- Died: 1597 Frankfurt am Main, Holy Roman Empire
- Occupations: Poet, rabbi
- Writing career
- Language: Hebrew

= Akiva Frankfurt =

German poet and rabbi (died 1597)

Akiva ben Jacob Frankfurt (עקיבא בן יעקב מפראנקפורט; died 1597), also known as Akiva ben Jacob Günzburg (עקיבא בן יעקב גינצבורג), was a German poet and rabbi.

He was the son of Jacob Flesch of Prague, and the son-in-law of Rabbi Simeon Günzburg of Frankfurt, with whose congregation he was associated as preacher, and by whose name he came to be known.
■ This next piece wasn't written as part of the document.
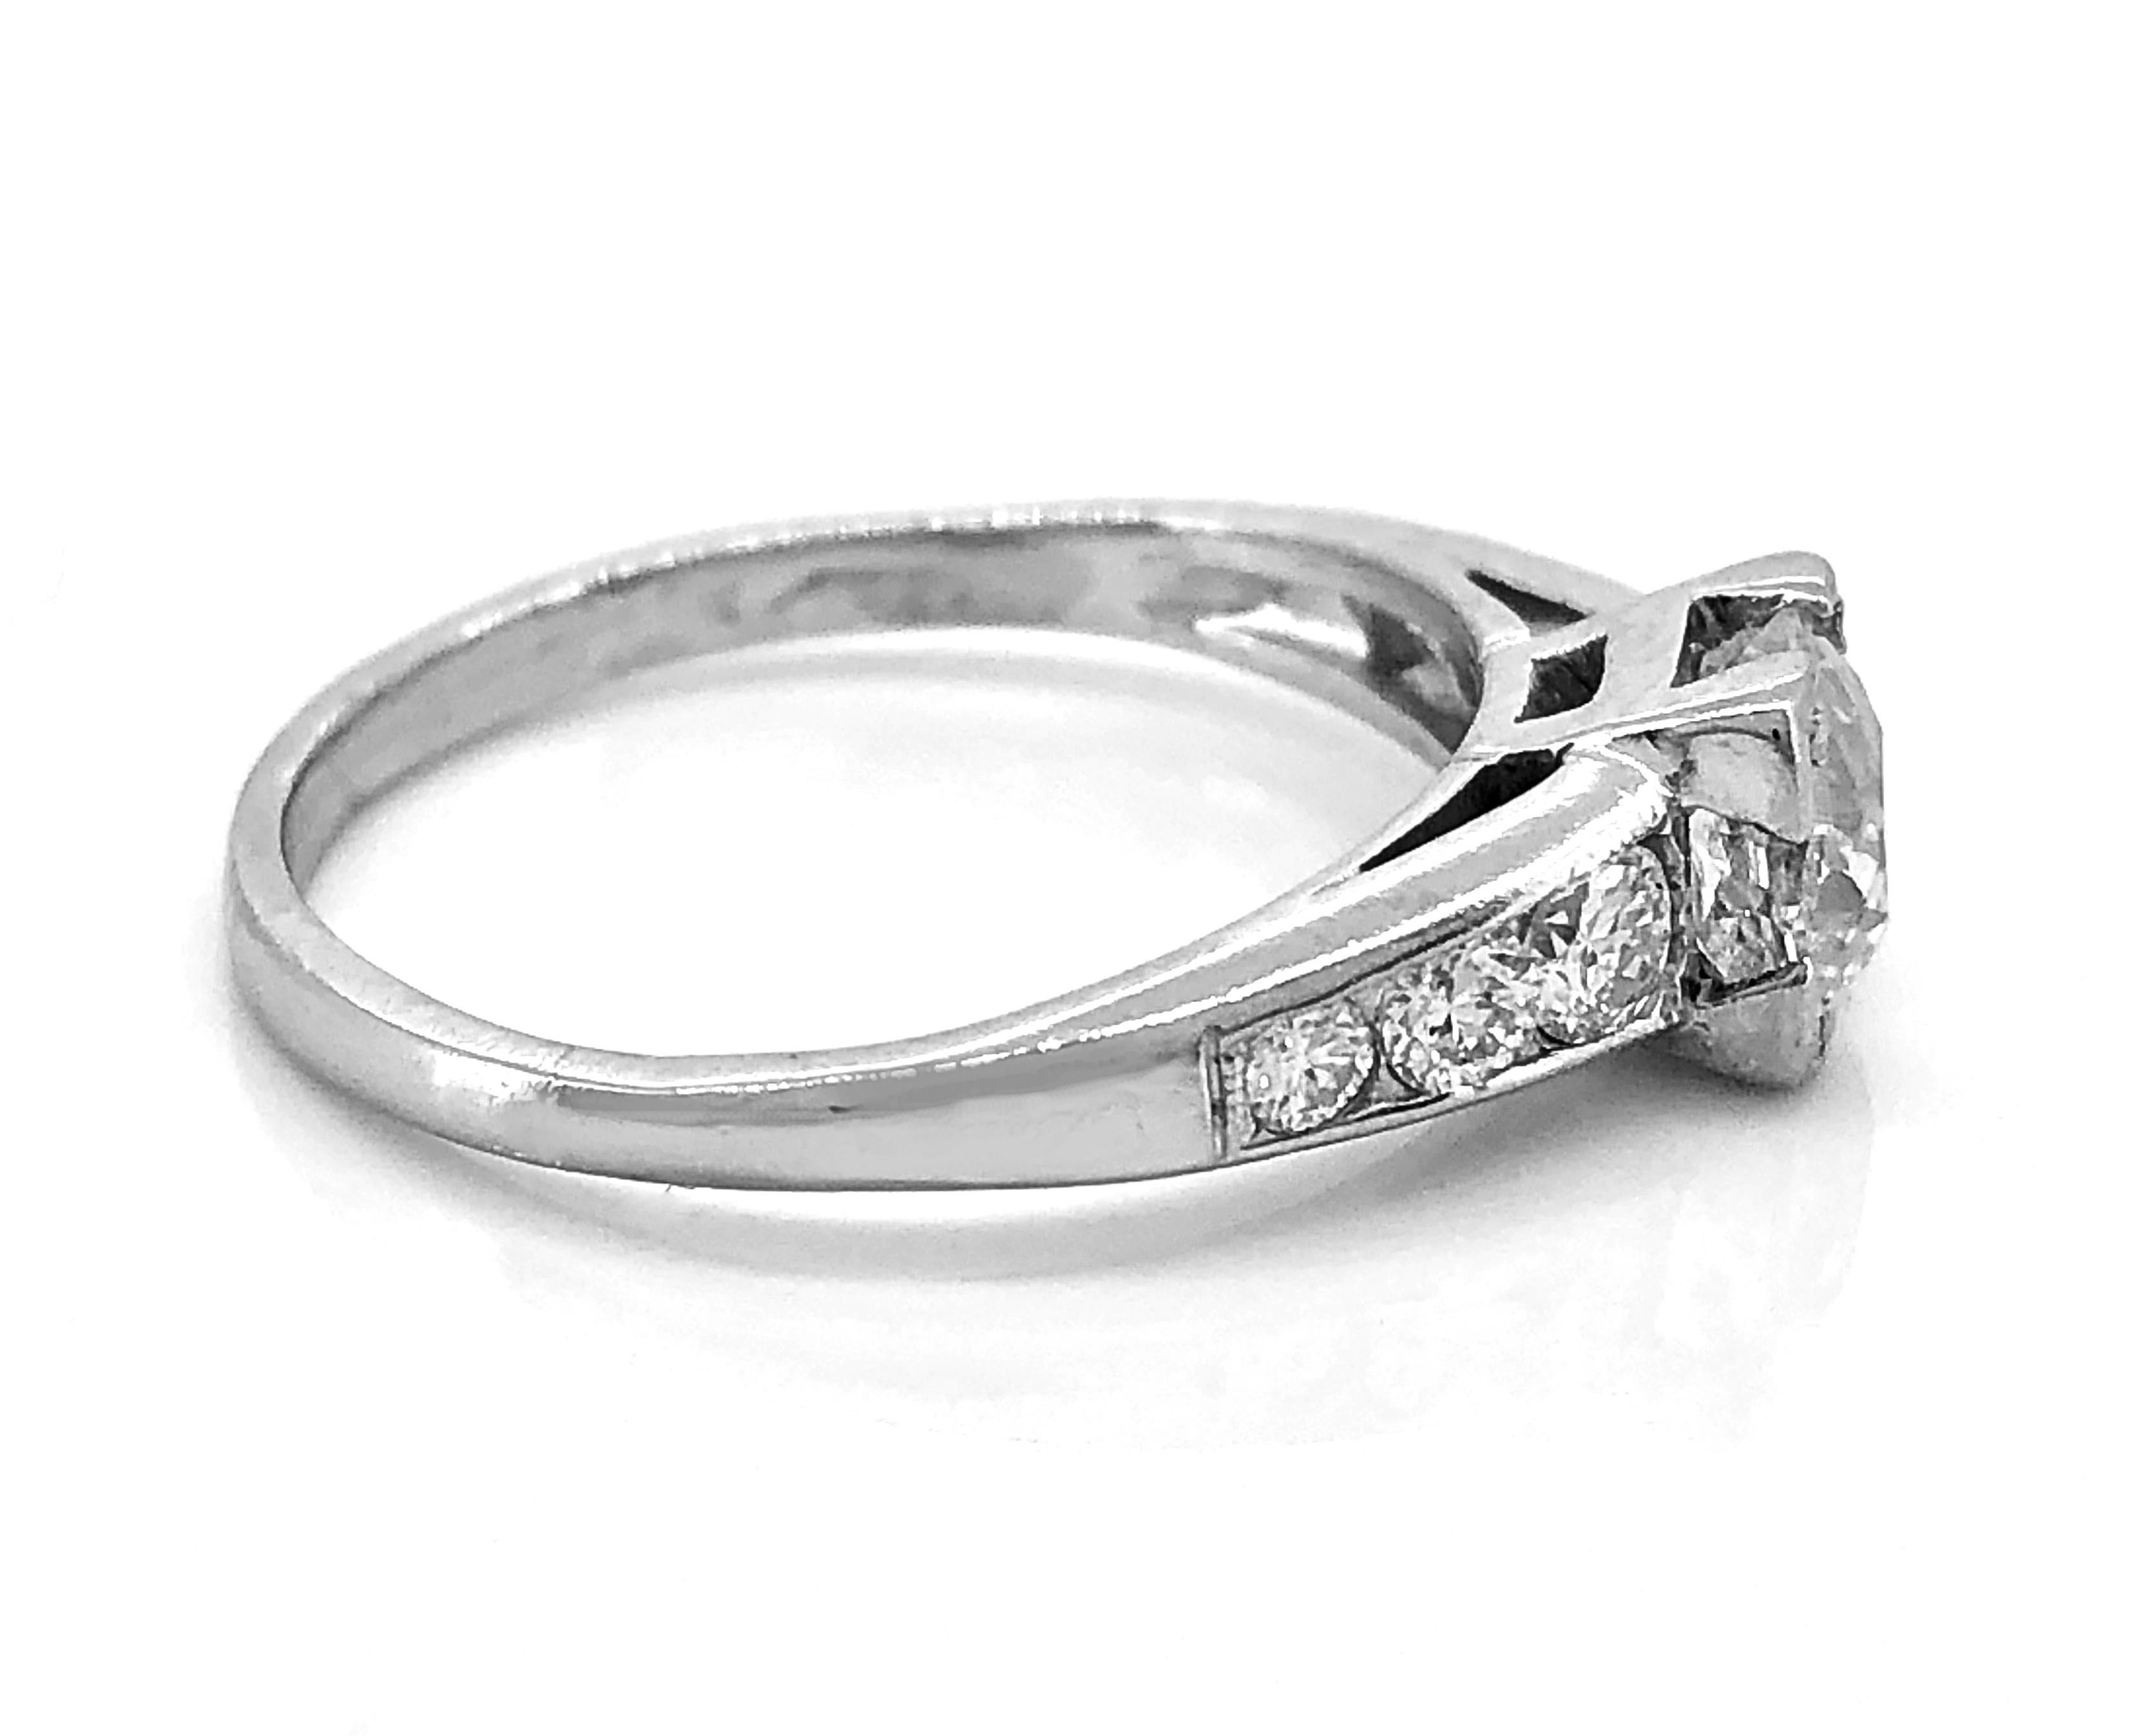 A traditional Art Deco diamond Antique engagement ring featuring a center European cut diamond weighing .43ct. Apx. with SI1 clarity and H color. The transitional cut diamonds on the shoulders weigh .20ct. Apx. T.W. with VS2-I1 clarity (eye clean)

His grandson was the scholar Abraham Flesch (c. 1560–1640).

==Works==
- Elijah Loanz (1599). "Teḥinnot be-kol yom" Prayers and songs for the days of the week.
- "Zemirot ve-shirim le-shabbat" (1599) Songs for the Sabbath, some of which have been translated into Judæo-German, with notes in Hebrew.
- "Vikkuaḥ ha-yayin ve ha-mayim" (1599) A dispute between wine and water, in verse, with a translation in Judæo-German. Published together with the two preceding, and separately, Amsterdam, 1759.
- "Zemirot le-lel Shabbat" (1713) Songs for Sabbath evening.